In St. Louis Today, Harry Levins writes:
As a general rule, newspapers stop running anniversary stories after 50 years.
The thinking holds that past 50 years, few readers even remember the event, much less took part in it. Past a half-century, journalists cede the field to historians.
World War II was an exception. Because that war dragged on for so long (45 months) and because it put so many Americans in uniform (16 million, or more than 10 percent of the population), it imprinted itself in the American soul, as only the Civil War had before it.
Both WWII and the Civil War involved the entire nation over a long stretch of time.

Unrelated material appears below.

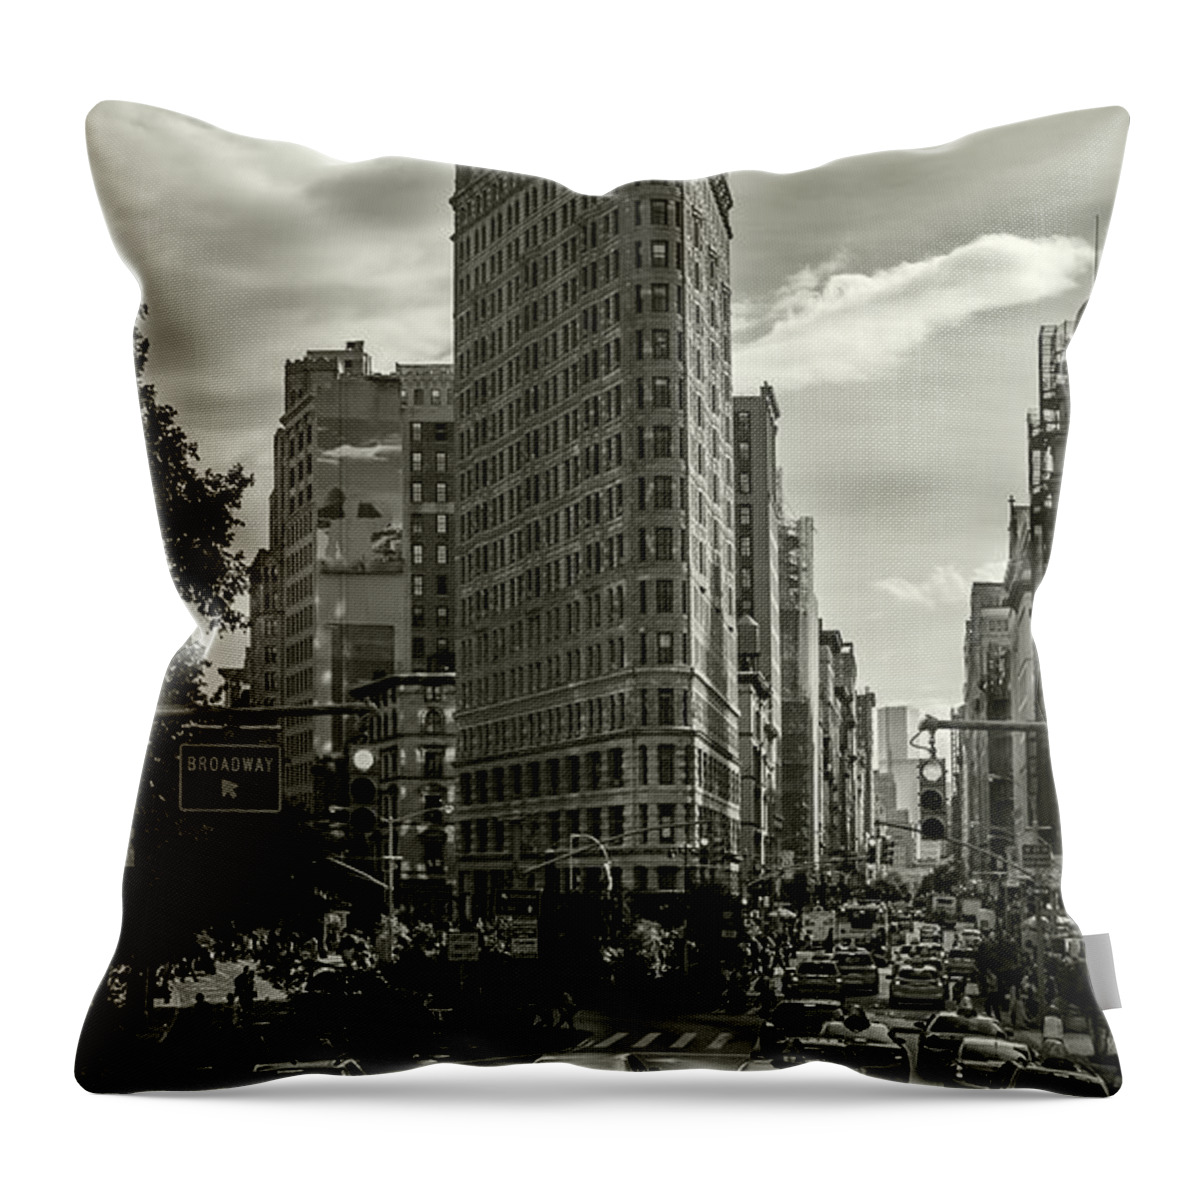 Flatiron Building Throw Pillow featuring the photograph Flatiron Building - Black and White by Jatin Thakkar

And although nobody alive in America today remembers Shiloh or Gettysburg, enough Americans remember WWII to nudge newspapers away from the 50-year rule.
Thanks in part to the emotions stirred by Tom Brokaw’s “The Greatest Generation” and to the movie “Saving Pvt. Ryan,” newspapers in the 1990s ran 60th-anniversary stories on the big WWII battles.
But that attention to WWII is fading fast, as is the generation that fought the war.
Come next June 6, some elderly reader will call the paper to grouse that his paper makes absolutely no mention of the fact that it’s the 63rd anniversary of the day in 1944 that Gen. Dwight D. Eisenhower led the D-Day landings in Normandy.
Chances are that the grumpy reader will be making his complaint to an editor who was born after President Dwight D. Eisenhower left the White House in 1961.